🤖 AI Summary
Global visual geolocalization aims to infer the real-world geographic coordinates of an image solely from its visual content, with the core challenge being effective alignment between visual and geographic representations. To address this, we propose Hierarchical Geographic Embedding (HGE), the first approach to model geographic priors as a multi-granularity hierarchical structure. We further design a semantic segmentation-guided feature fusion module that jointly encodes appearance features and scene-level semantics to enable fine-grained visual–geographic alignment. Evaluated on five standard benchmarks across 25 metrics, our method outperforms existing state-of-the-art methods and mainstream large vision-language models on 22 metrics. It significantly improves robustness and accuracy in cross-region and multi-scale localization, demonstrating superior generalization under varying geographic and visual conditions.
📝 Abstract
Worldwide visual geo-localization seeks to determine the geographic location of an image anywhere on Earth using only its visual content. Learned representations of geography for visual geo-localization remain an active research topic despite much progress. We formulate geo-localization as aligning the visual representation of the query image with a learned geographic representation. Our novel geographic representation explicitly models the world as a hierarchy of geographic embeddings.
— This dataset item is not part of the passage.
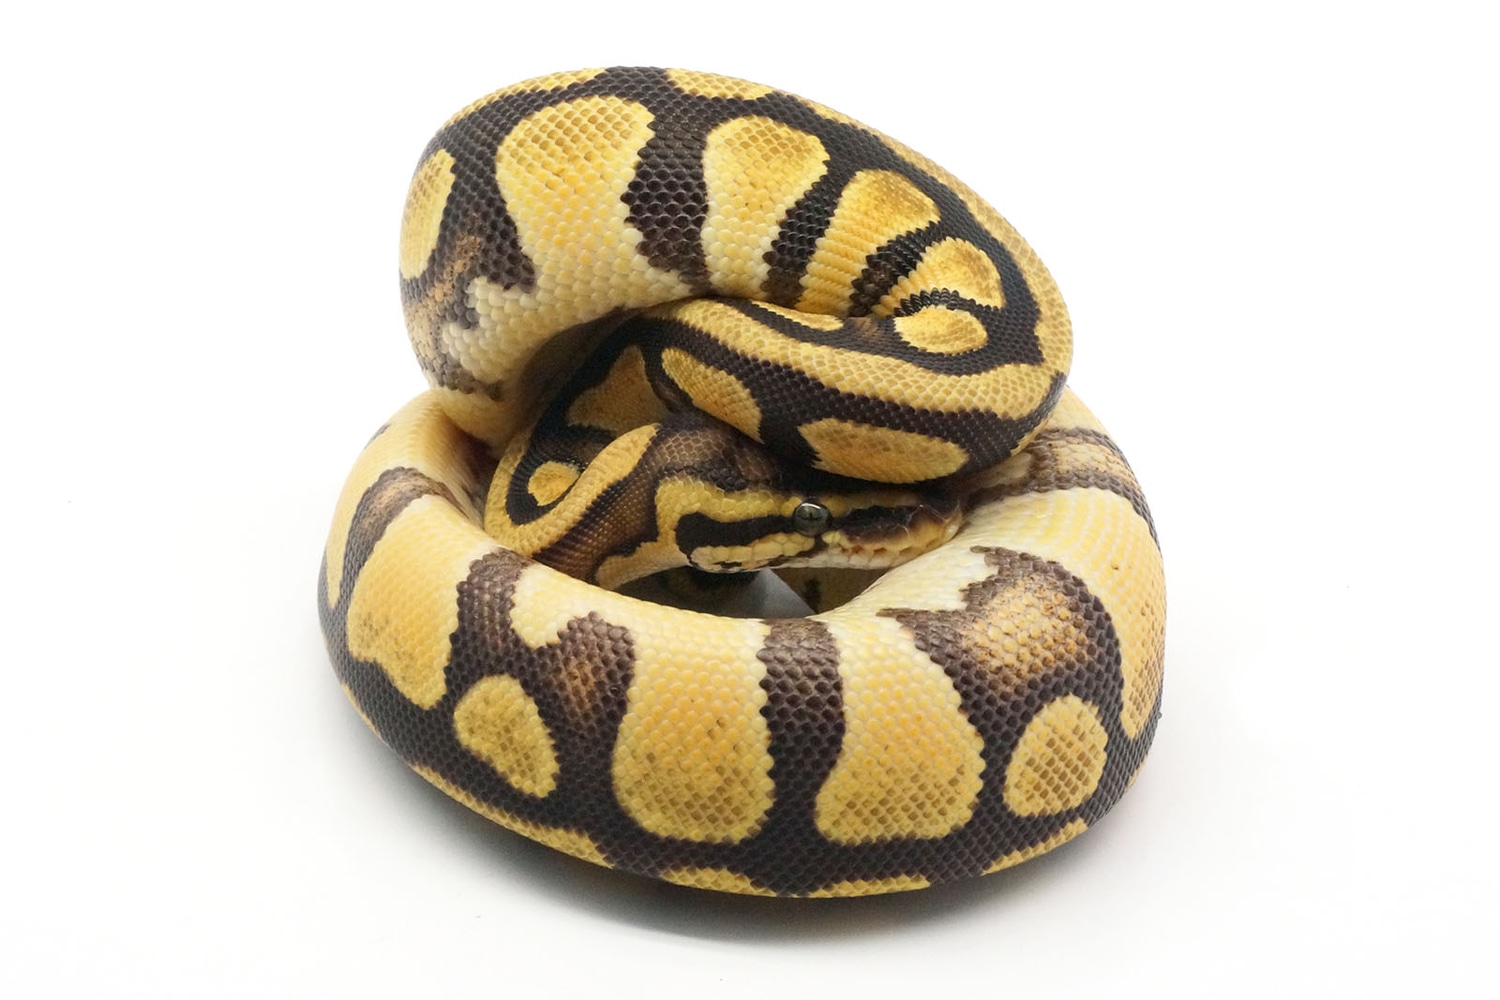 Pastel EMG Enchi Ball Python by New England Reptile Distributors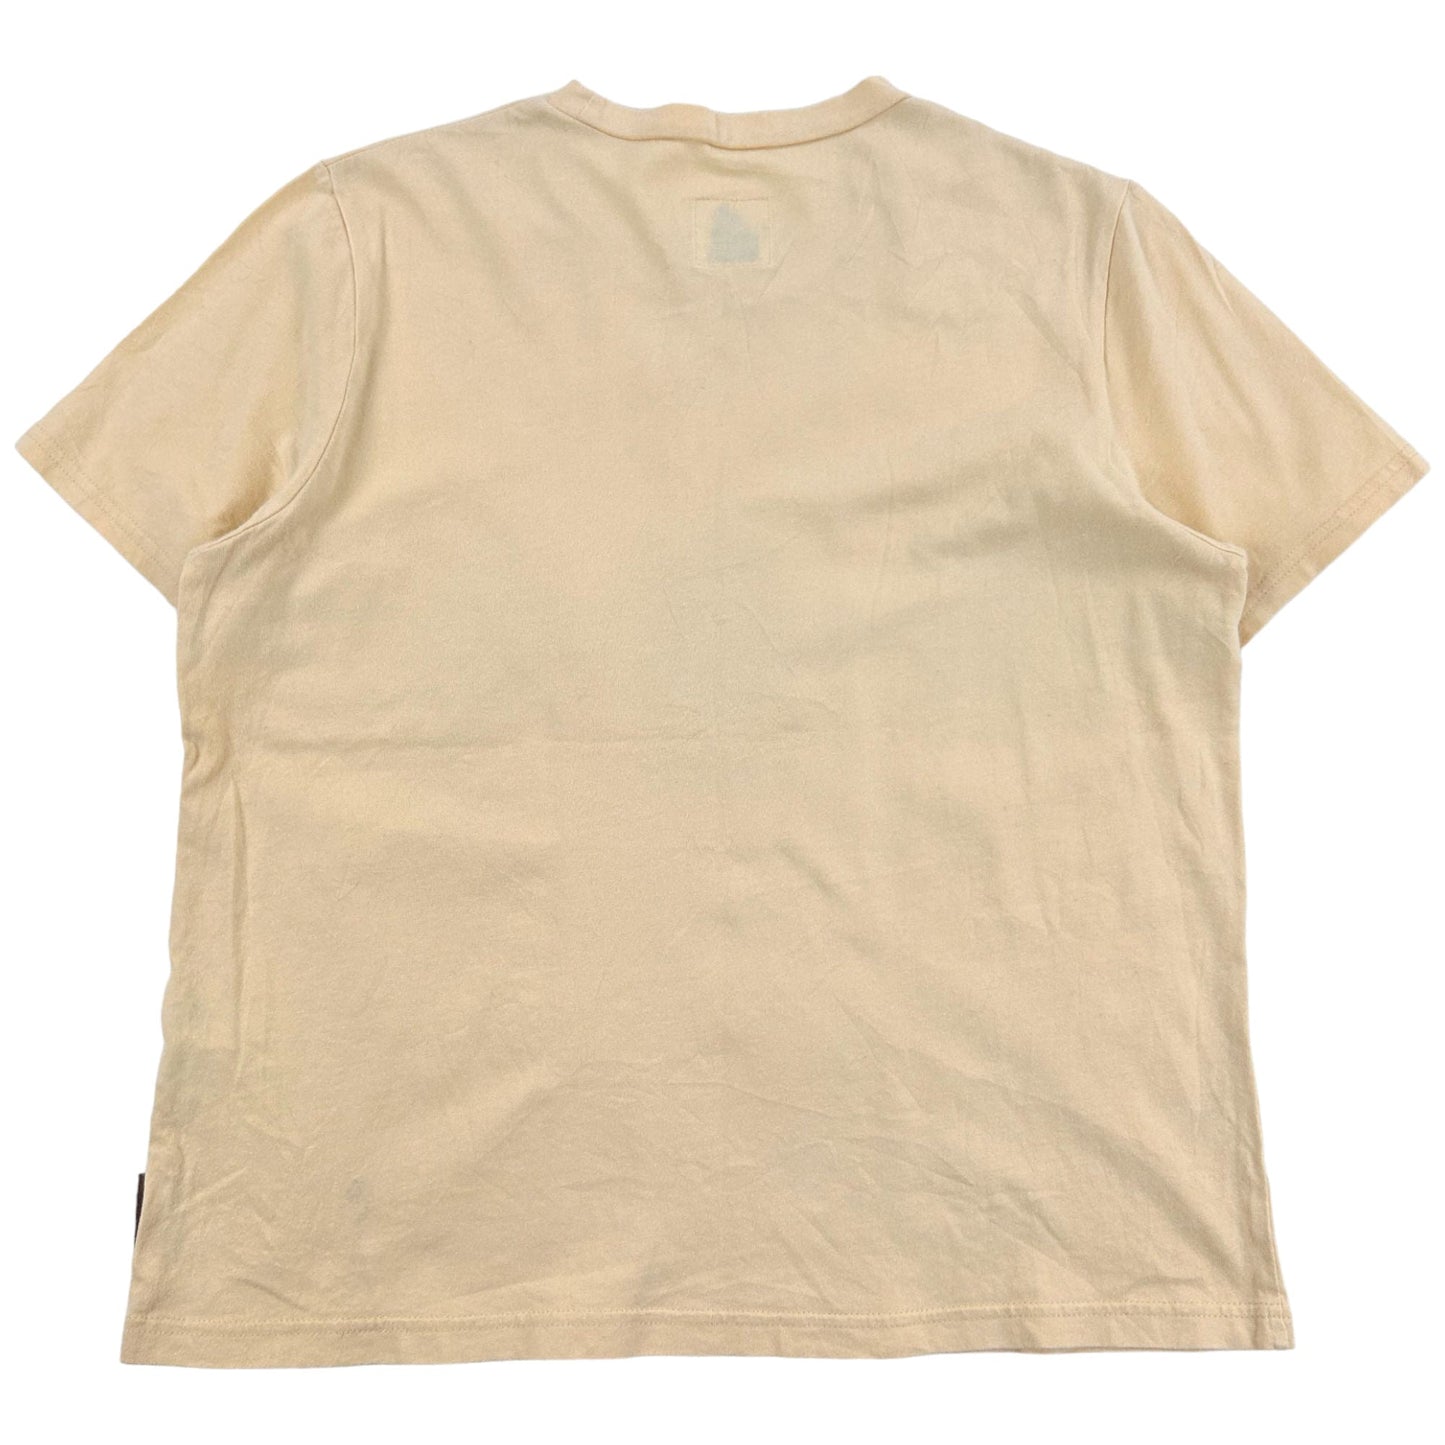 Vintage Hai By Issey Miyake T-Shirt Size XS

Additionally, we introduce an approach to efficiently fuse the appearance features of the query image with its semantic segmentation map, forming a robust visual representation. Our main experiments demonstrate improved all-time bests in 22 out of 25 metrics measured across five benchmark datasets compared to prior state-of-the-art (SOTA) methods and recent Large Vision-Language Models (LVLMs). Additional ablation studies support the claim that these gains are primarily driven by the combination of geographic and visual representations.